Мы, мальчишки и девчонки, сгорали от любопытства и удивления. Боже мой, какие френчи с огромными карманами, набитыми всякой всячиной! Какие галифе с широкими напусками, раструбами, сшитые, кстати, весьма добротно. Какие нарядные, блестящие краги у офицеров! Но еще больше нам нравились тяжелые, сверхпрочные солдатские ботинки с подошвой толстой, как плитки английского шоколада, с металлическими шипами, с подковками на каблуках, — их, наверное, никогда не сносить!
И уж окончательно поражали нас такие излишества «марсианской» экипировки, как, например, выдававшееся каждому солдату специальное приспособление, такая пластинка с прорезями, собиравшая вместе и закреплявшая «золотые» пуговицы френча или куртки на предмет чистки и наведения на пуговицы сверхъестественного блеска. Уйма таких пустяков, вызывавших у нас под конец не любопытство, не зависть, а откровенно ироническое отношение: с такой амуницией так плохо воевать?! Но вот одна вещь... Признаюсь, у меня до сих пор сохранилось желание иметь что-нибудь подобное. А тогда! О, тогда мы даже во сне видели, как один какой-нибудь разиня-кома́н (почему-то пришельцев-англичан мы называли презрительно кома́нами. «Come in!» — «Подойди!») потеряет такую вещицу, а мы тут же ее подберем. Что же это такое? Это большой нож с черной гофрированной рукояткой, с толстым шилом-штыком для пробивания дырки в железной коробке с какао или пивом, с приспособлениями для вскрывания консервов и т. д. и т. п.
Собственно говоря, нам-то, тогдашним мальчишкам, в этом сказочном универсальном ноже мог пригодиться только самый нож. Остальное же — на что оно нам? Для нас и пшено было лакомством, а пшенную кашу, как известно, в жестяные банки не запечатывают. Консервов же ни мы, ни наши папы и мамы, как говорится, даже не нюхали.
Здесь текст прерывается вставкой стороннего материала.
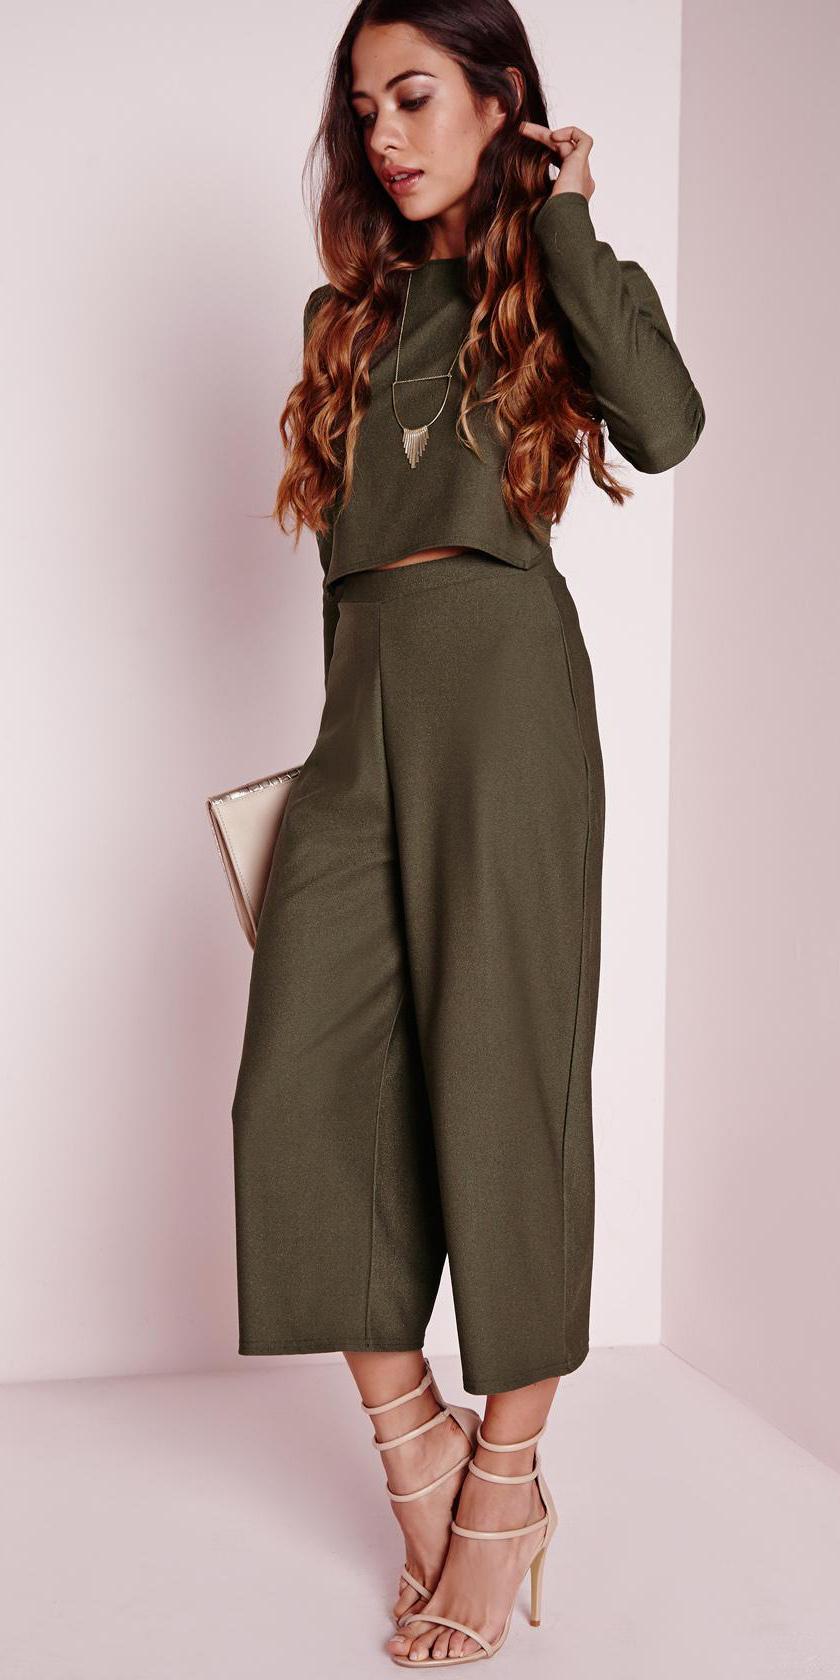 green-olive-culottes-pants-green-olive-top-matchset-necklace-tan-shoe-sandalh-spring-summer-hairr-dinner.jpg

Словом, «союзники» были экипированы сверх всякой меры, а вооружены, конечно, еще пуще того. Да, вооружены они были превосходно.
И вдруг...
И вдруг в одну ночь, к рассвету, как ведьма в сказках при первом крике петуха, сгинули все они, дородные, по-сытому красивые, франтоватые. Вежливые и безжалостные. Сгинули.
Непонятно.
Впрочем, непонятное попытаюсь объяснить позже, а сейчас память упрямо возвращает меня в то далекое зимнее утро двадцатого года, когда, выскочив на улицу, мы вдруг увидели прежний Архангельск, северодвинский русский город, мгновенно освободившийся от признаков интервенции.
Тот же наш город. Простой. Неказистый. Верный себе русский город.
...Морозным февральским утром 1920 года входили в город красноармейцы 6‑й нашей армии, одетые кое-как, — тут уже не до шоколада, не до галифе британского покроя, — давно не бритые, не только усталые, но изможденные, наверное, голодные, но каким же вкусным оказался нам черный хлеб, который на ходу давали мальчишкам и девчонкам красные солдаты из своего скудного пайка!
Не забуду этот хлеб — грубый, тяжелый, какой-то колючий, пополам с мякиной хлеб 1920 года. Я прижал черный каравайчик к груди, побежал домой и с гордостью показал отцу и матери. Они еще ничего не знали.
— Странно, — сказал отец. — Это дали тебе эти?.. Как их? Киплинги? (Отец знал и любил английскую литературу.)
Но тут он усомнился:
— Они же не станут есть такой хлеб. Нет, нет. Постой, что там в городе? Что произошло?
Отец и мать стали расспрашивать, откуда у меня этот хлеб, и я рассказывал, торопясь, захлебываясь, и никак не мог объяснить, что же случилось в одну короткую ночь, и они разводили руками, изумлялись, не верили, а я все говорил, говорил, пытаясь объяснить, передать, какие усталые эти русские солдаты и как холодно, совсем уж некрасиво одеты и, наверное, живут голоднее всех нас, а вот отдали свой хлеб нам, ребятам.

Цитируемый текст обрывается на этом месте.